Kalman Trend Estimator [KTE] -FibonacciFlux OVERVIEW
Optimal linear trend filter using scalar Kalman filtering. Treats price as a noisy
measurement of a hidden trend state and recursively computes the optimal estimate. The Kalman
gain adapts automatically — no manual threshold tuning required.
HOW IT WORKS
The filter balances two noise sources:
- Process Noise (Q): how fast the true trend can change
- Measurement Noise (R): how noisy price observations are
The Kalman gain adjusts every bar:
- During clean trends: gain tightens, tracks price closely
- During choppy markets: gain loosens, smooths out noise
Innovation magnitude (prediction error) serves as a built-in regime classifier: small
innovations = trending, large innovations = noisy/ranging.
FEATURES
- Adaptive Kalman gain — zero manual tuning
- Innovation-based regime coloring (green = trend, red = noise)

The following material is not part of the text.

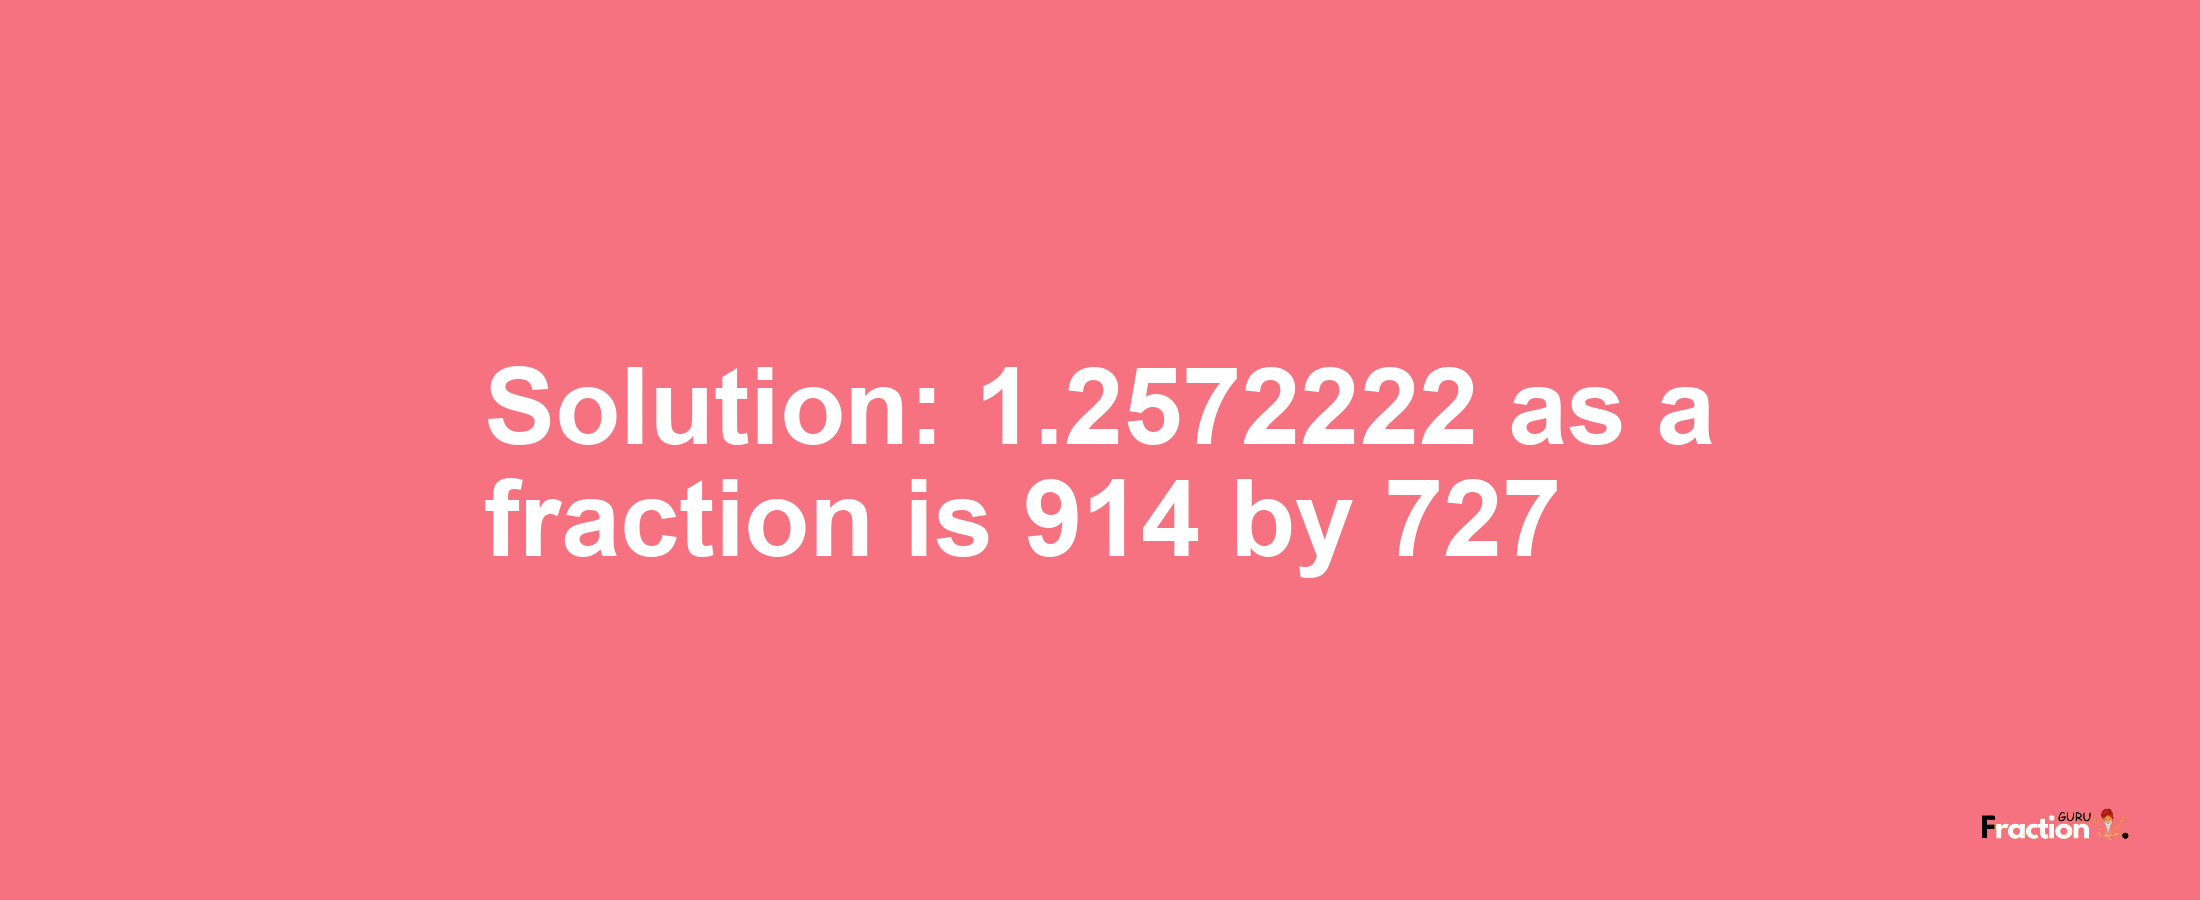 Solution:1.2572222 as a fraction is 914/727

- Confidence bands derived from estimation uncertainty (P matrix)
- Signal dots at trend direction changes
- Works on all timeframes and instruments
SETTINGS
Process Noise Q: Controls trend tracking speed. Higher = faster adaptation. Default 0.01.
Measurement Noise R: Controls price smoothing. Higher = smoother output. Default 1.0.
Show Bands: Toggle confidence bands on/off.
Based on: R.E. Kalman (1960), "A New Approach to Linear Filtering and Prediction Problems",
Journal of Basic Engineering.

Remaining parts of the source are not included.